Acidification was a major problem in Europe in the 1980s.  Acid rain killed trees and acidified lakes. The acid rain came from industries that emitted large amounts of sulfur dioxide.
The industries in Europe that emitted sulfur dioxide were closed and the acid rain stopped. The forests and lakes recovered and the acidification problems were solved.

In the fall of 1981, the weekly news magazine Der Spiegel published the first of three articles on Waldsterben, or forest dieback. The article’s byline “Sulfurous precipitation poisons forests, air and food” alerts readers to the health and environmental risks of acid rain. Numerous experts warn of a ticking “time bomb” in German forests and suggest that massive forest dieback is imminent. The tone of the article makes clear that, even in the early 1980s, “forest dieback” was an emotionally charged subject in the Federal Republic.

https://germanhistory-intersections.org/en/knowledge-and-education/ghis:document-130.pdf

comment image

It’s the 1980s, and fish are disappearing in rivers across Scandinavia. Trees in parts of the forests are stripped bare of leaves, and in North America some lakes are so devoid of life their waters turn an eerie translucent blue.

The cause: Clouds of sulphur dioxide from coal-burning power plants are travelling long distances in the air and falling back to Earth in the form of acidic rain.

“In the ’80s, essentially the message was that this was the largest environmental problem of all time,” says Peringe Grennfelt, a Swedish scientist who played a key role in highlighting the dangers of acid rain.

https://www.bbc.com/news/science-environment-58874831

Sulfur dioxide and copper ions are poisons for nature.
Carbon dioxide is nutrition for nature.
There is a difference between poisons and nutrition.

May 29, 2026 4:51 am

From the article: “The bottom line is that there is plenty of evidence that coral reefs worldwide are thriving (not every one, and not every year, but on an aggregate basis), and no evidence at all of aggregate decline. In light of that evidence, what is the proof that “acidification” is harming corals? The answer is, zero.”

Zero *is* the answer.

Climate Alarmists have been pushing this lie for decades, and have never had any evidence to back up their claims. All they have is speculation, assumptions and unsubstantiated assertions. That’s all.

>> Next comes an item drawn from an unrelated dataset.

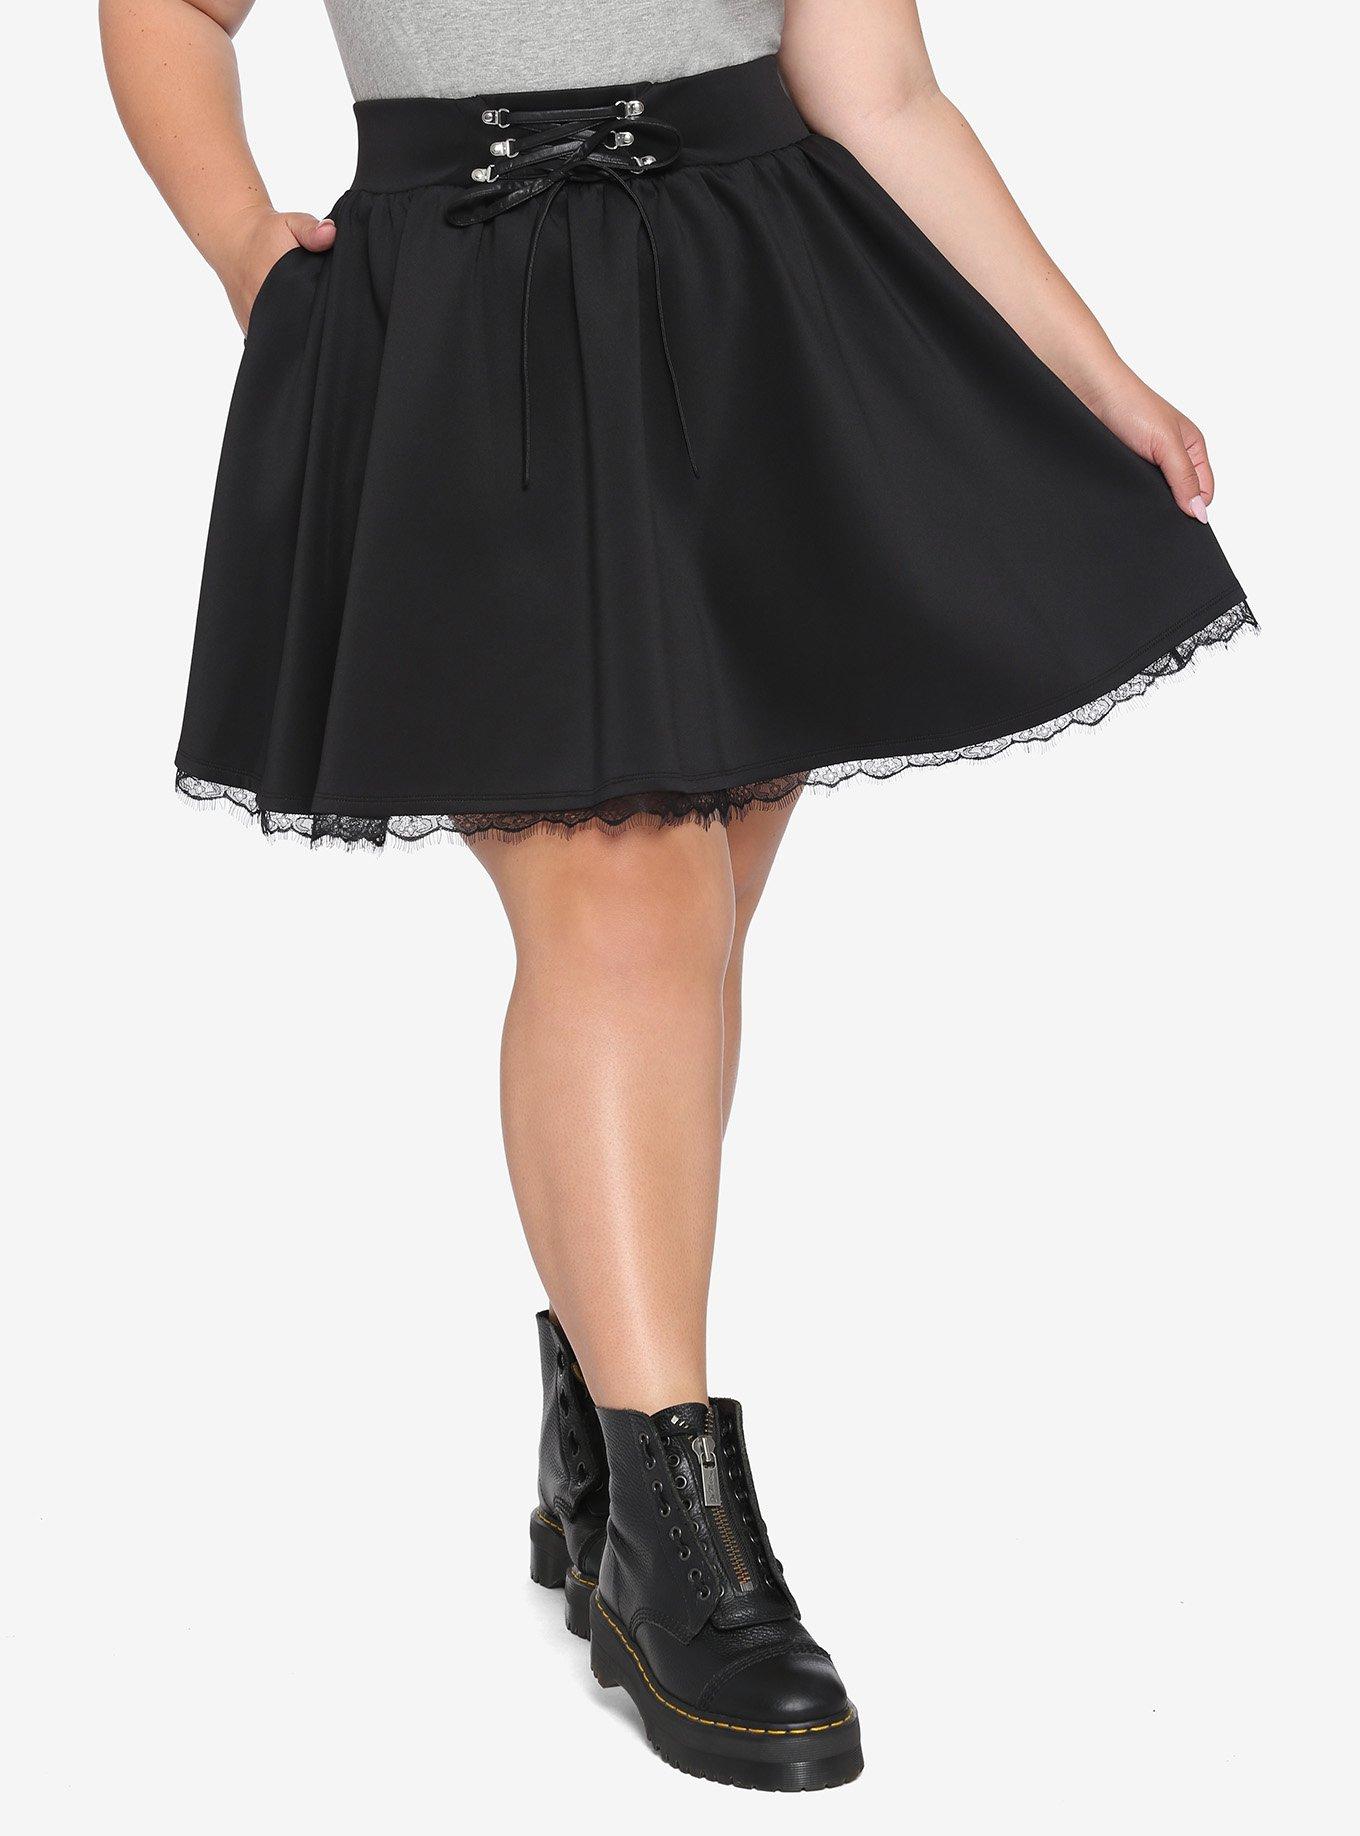 Black Lace-Up Skater Skirt Plus Size, BLACK, hi-res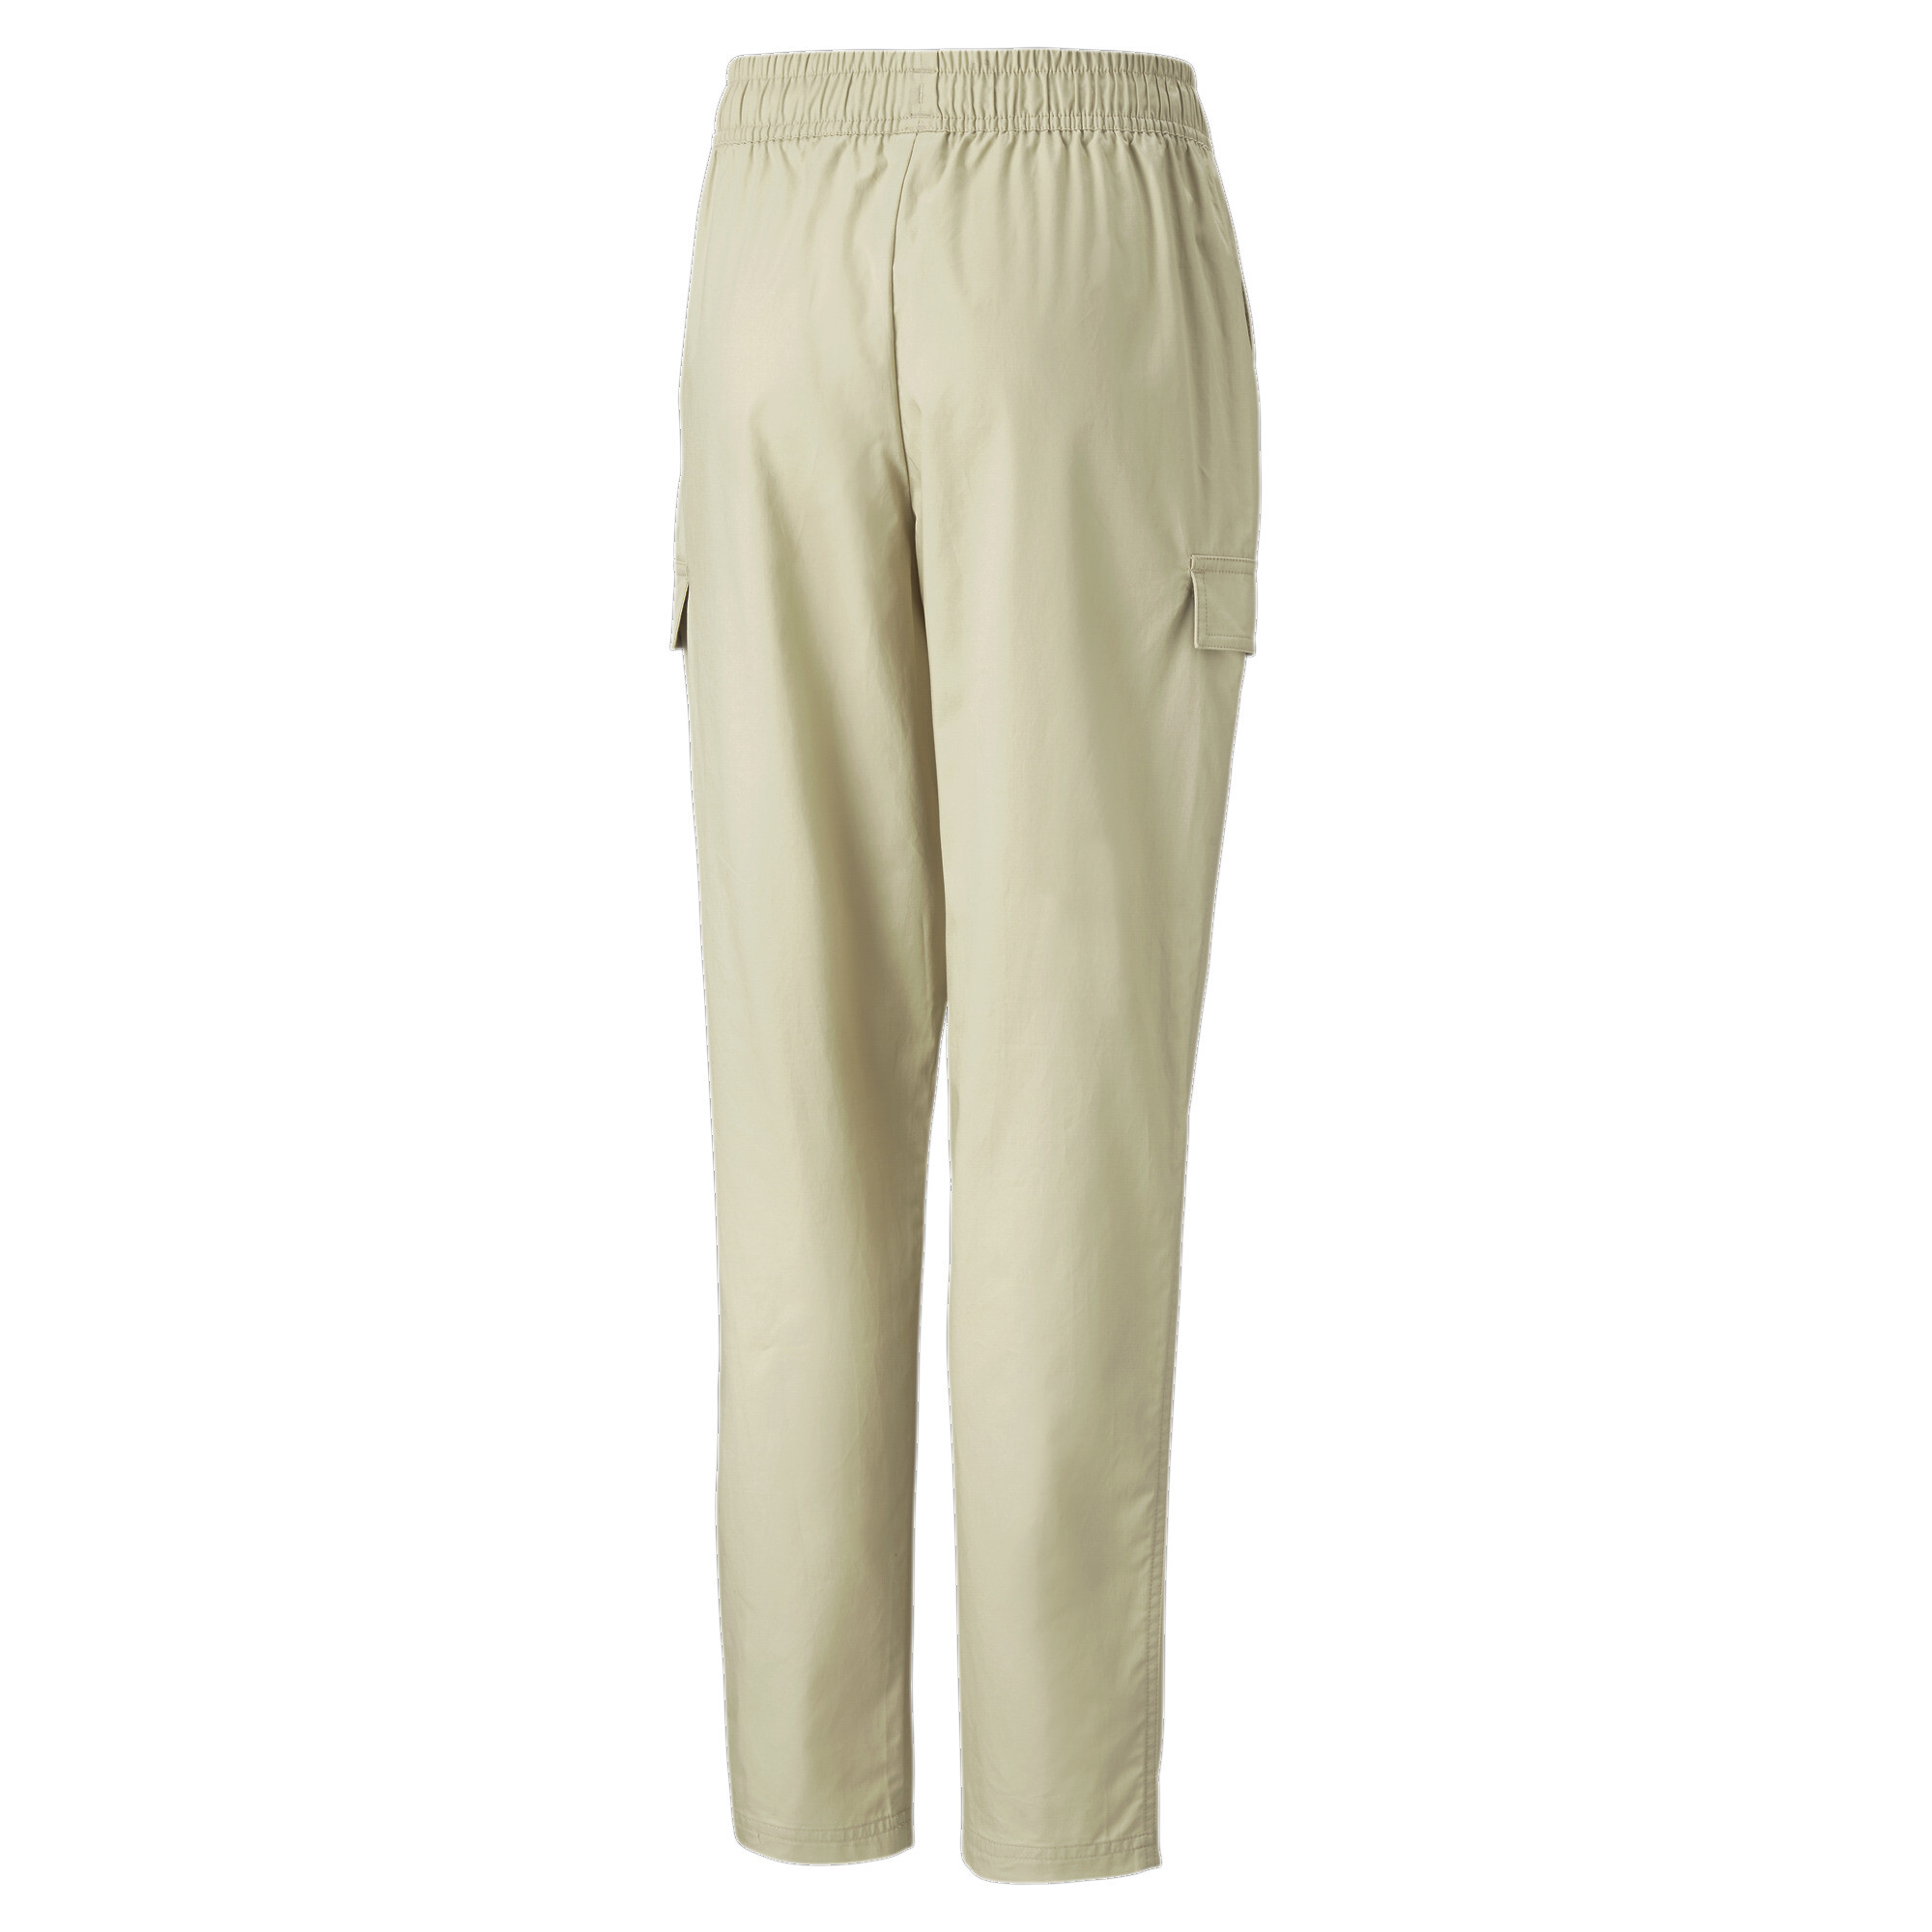 PUMA Classics Woven Sweatpants In Beige, Size 9-10 Youth

That doesn’t stop them from repeating the lie, though.

May 29, 2026 5:32 am

In “Fundamentals of Ocean pH”, September 18, 2015, R. Cohen and W. Happer, using “a quantitative review of physical chemistry”, show that the ocean can never go acid from atmospheric CO2, as shown in their chart. Notations on the chart added in Real Climate Science shows Human CO2 Cannot Cause a Climate Crisis! John E. Greer, Jr.

Ocean-ph-vs-atmospheric-CO2
May 29, 2026 6:57 am

The pH scale is log so every whole number is a power/factor of ten.

By definition pH is the negative exponent of the hydrogen ion concentration.

For instance, pH 9 is 10^-9 or 1 part per billion, 0.000000001.

pH 8 is 10^-8 or 10 parts per billion, 0.000000010.

To go from pH 9 to pH 8 is factor of 10 or 1,000%!!!! Makes 26% look trivial.

Ocean “acidification” of pH 8.2 to pH 8.1 is a decrease in alkalinity equal to 1 ppb of H ions.

I’m fairly certain the ocean flora and fauna don’t even notice.